> _Information supplied_:
»»

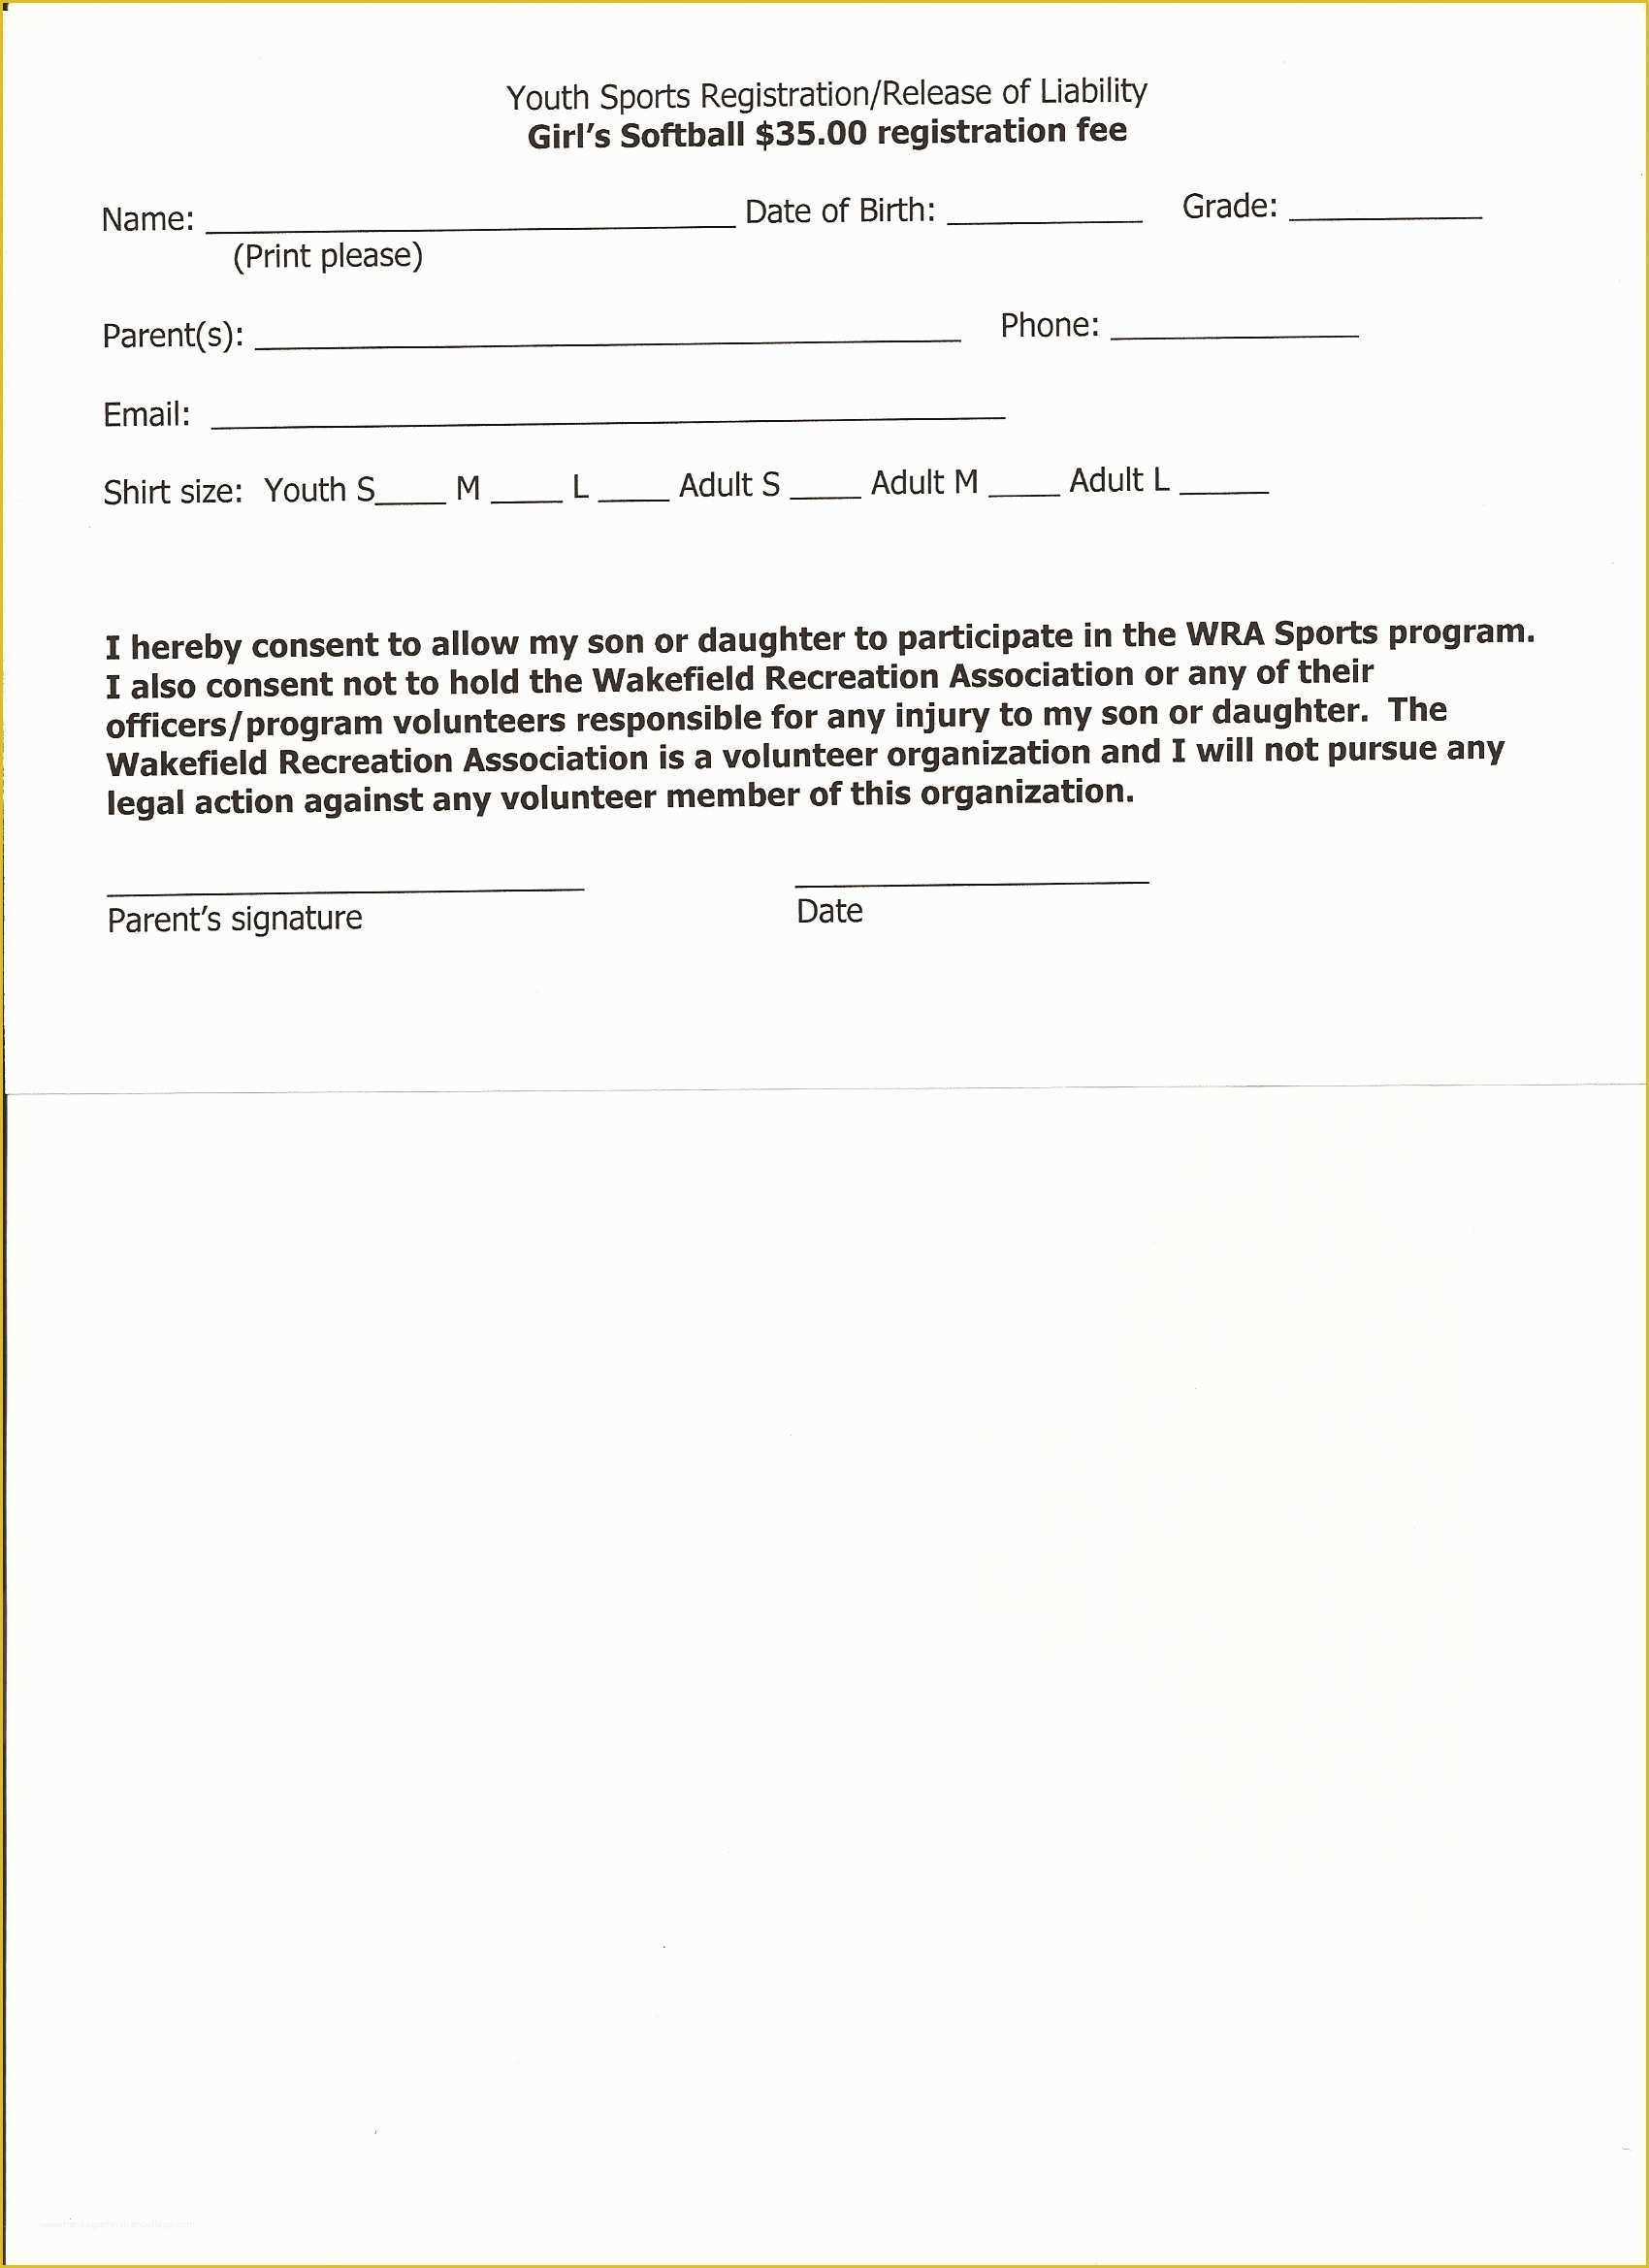 Free Liability Release form Template Of Liability Release form Template Free Printable Documents
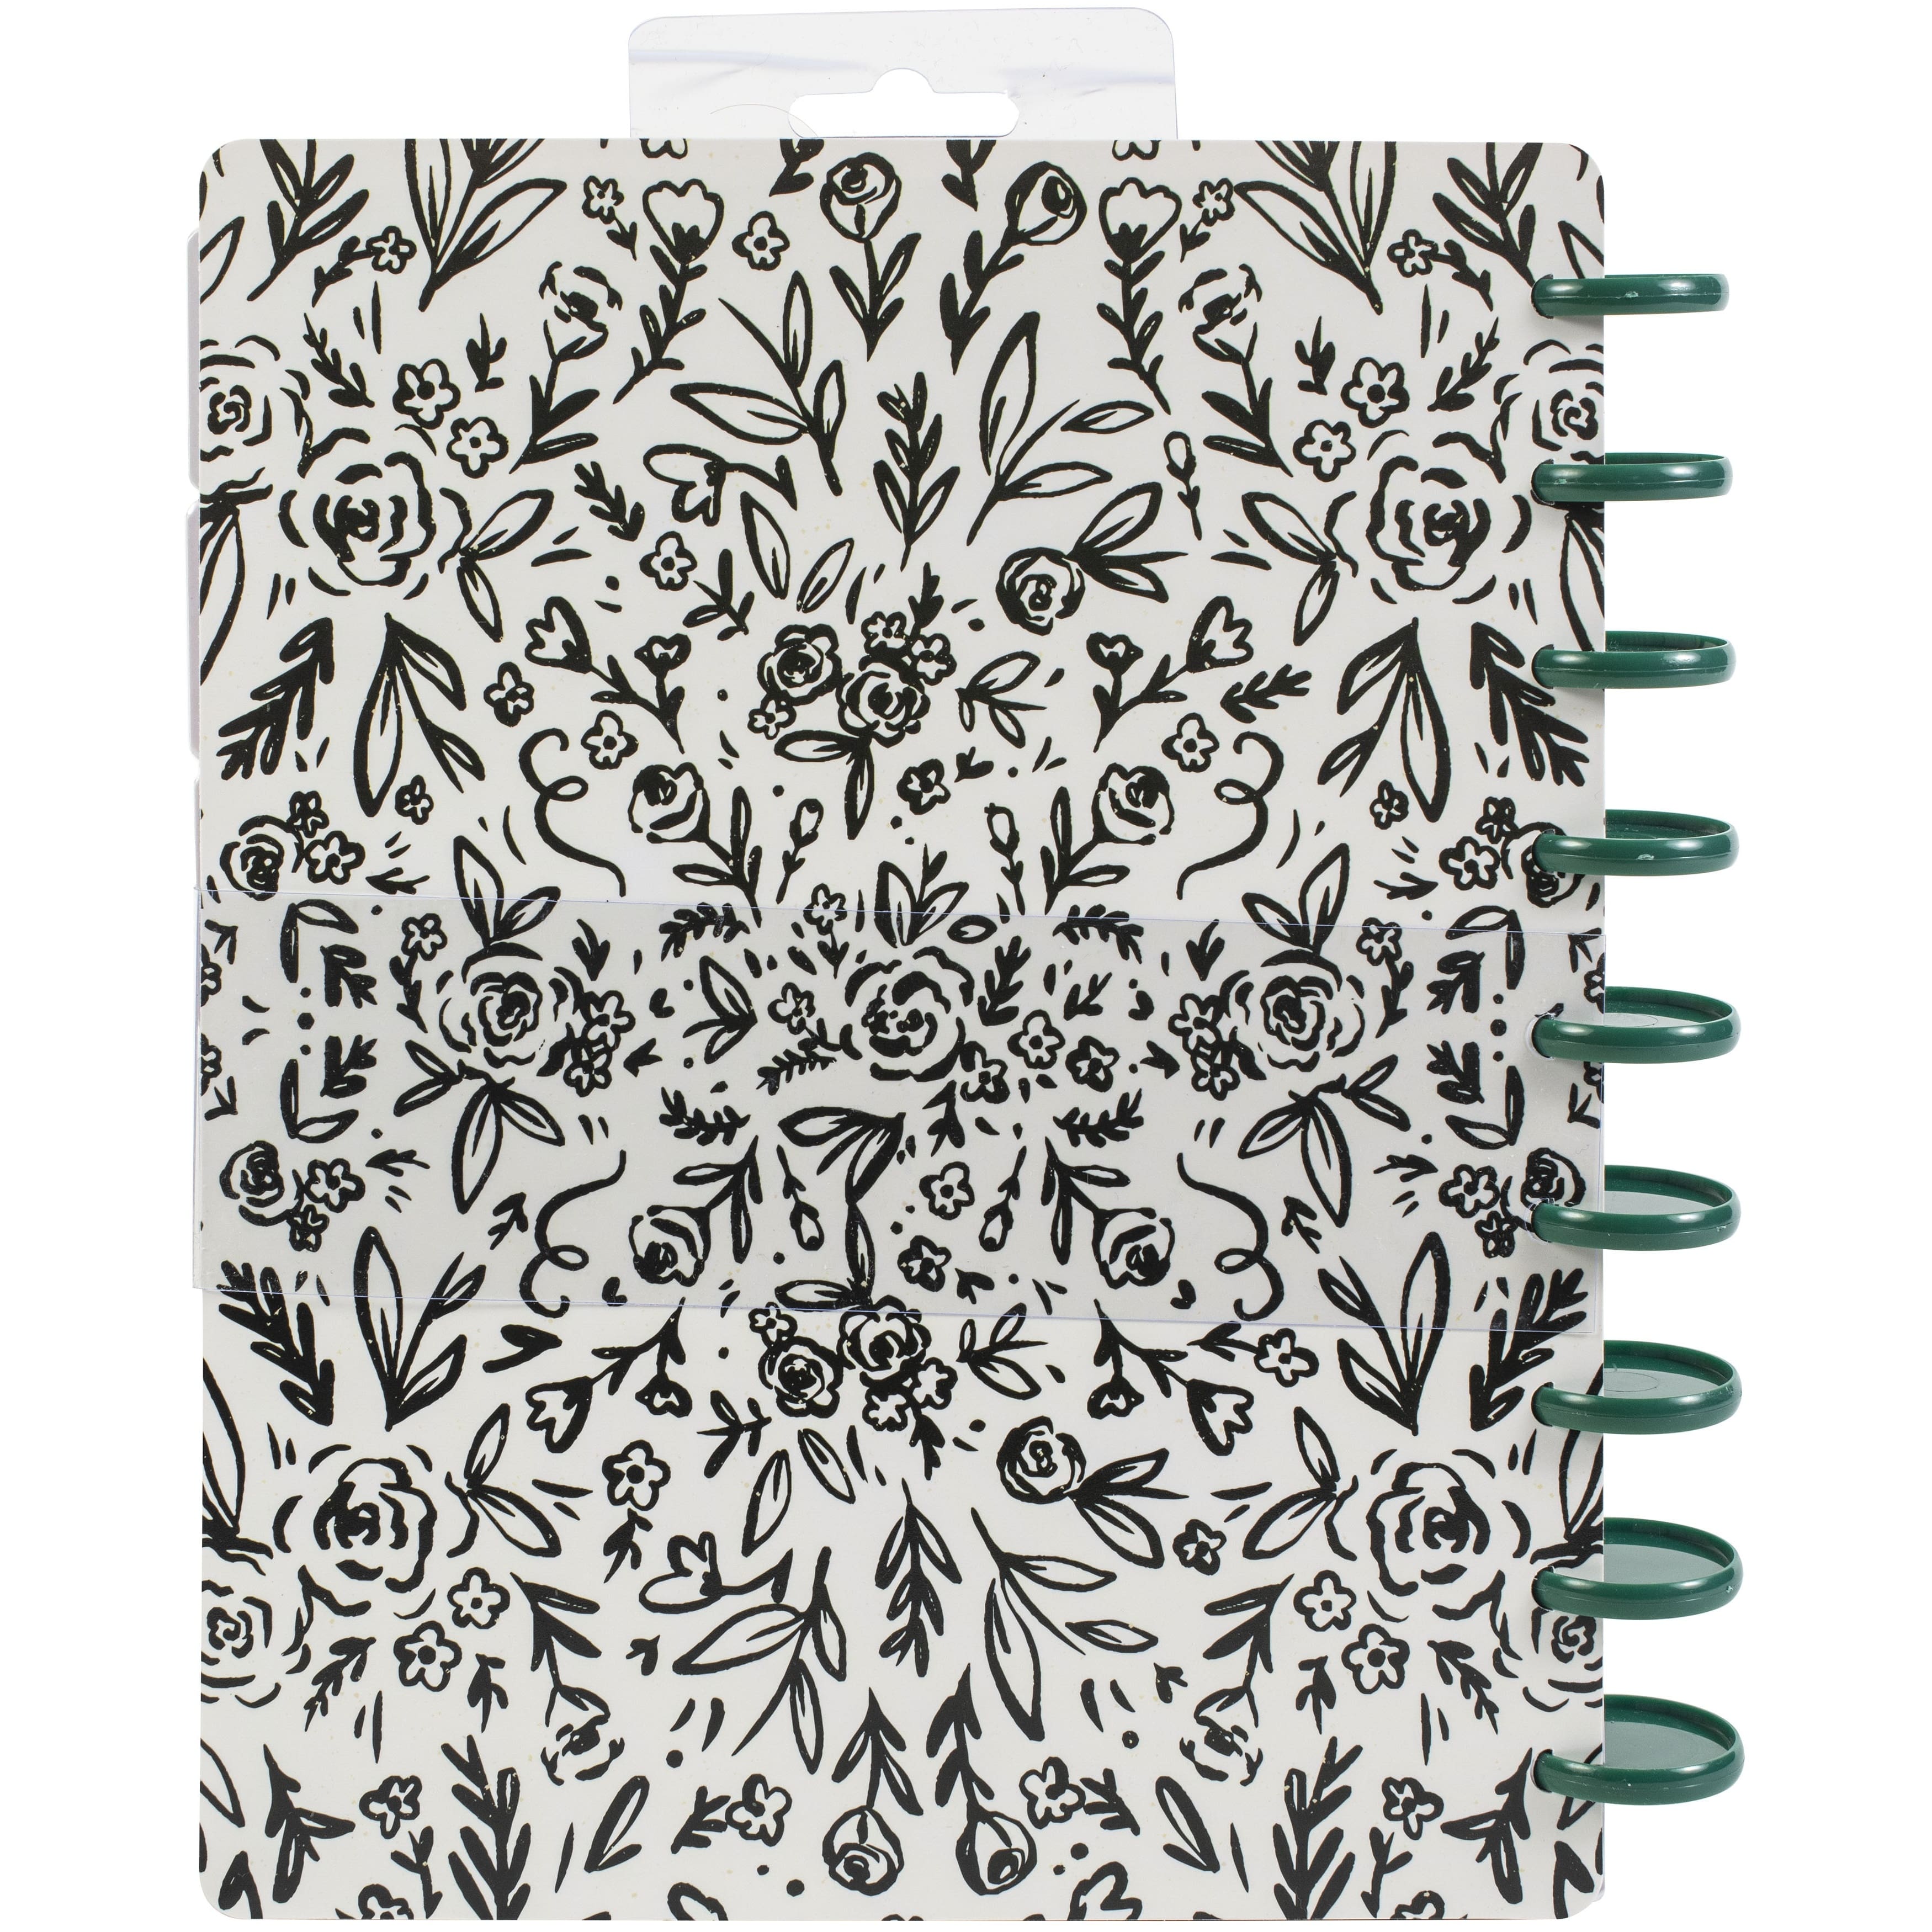 American Crafts&#x2122; Maggie Holmes Day-To-Day Black &#x26; White Floral Undated Dashboard Planner
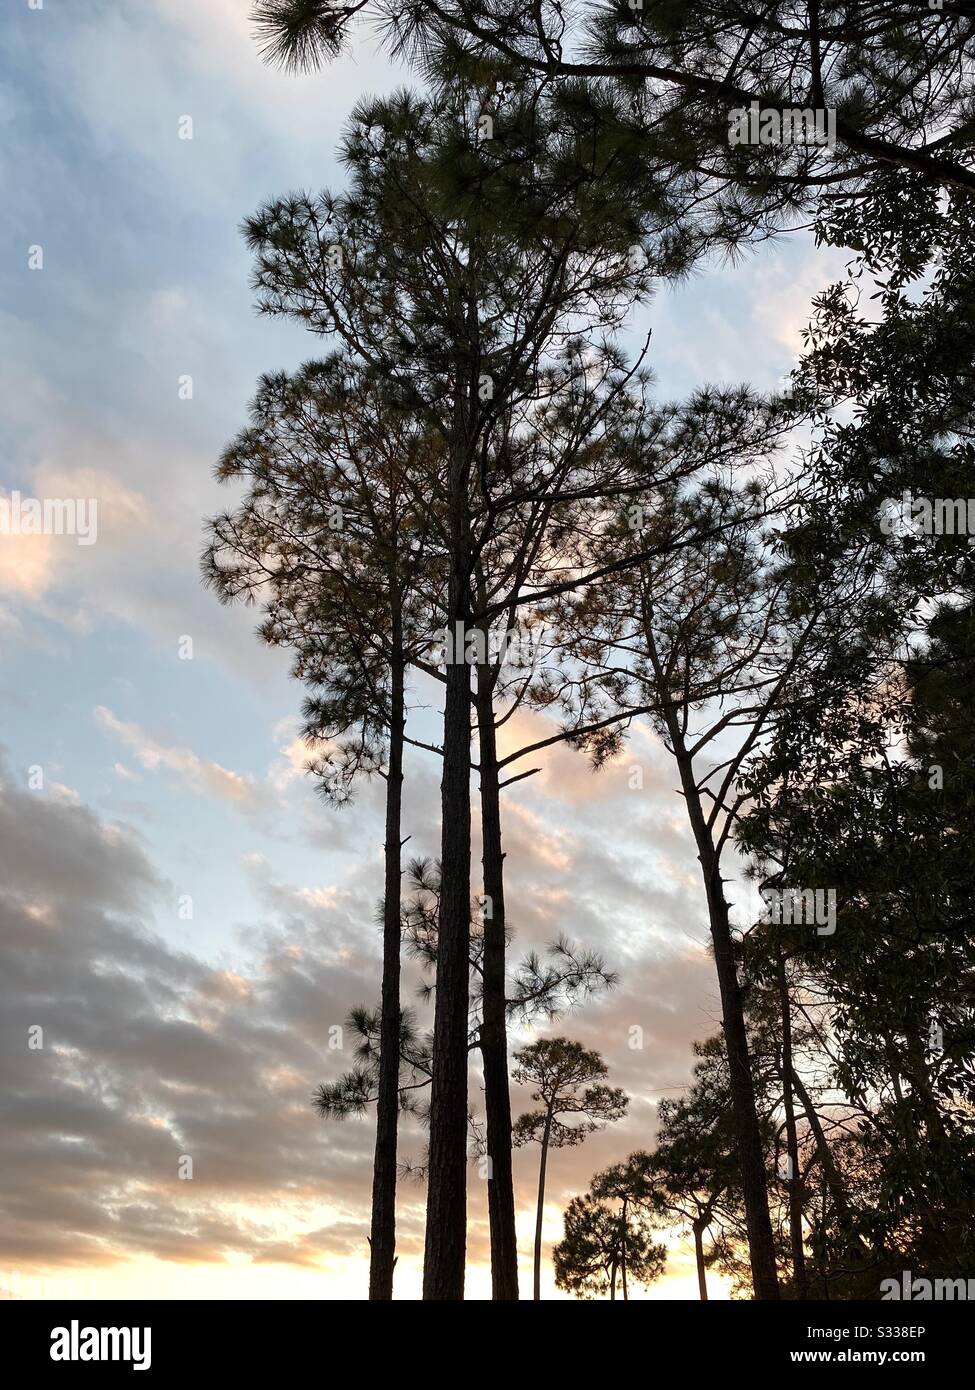 Y’all pine trees with sunset sky background Stock Photo

««

Every line of the data above should be returned exactly, with the pictures removed.

 Free Liability Release form Template Of Liability Release form Template Free Printable Documents
 American Crafts&#x2122; Maggie Holmes Day-To-Day Black &#x26; White Floral Undated Dashboard Planner
 Y’all pine trees with sunset sky background Stock Photo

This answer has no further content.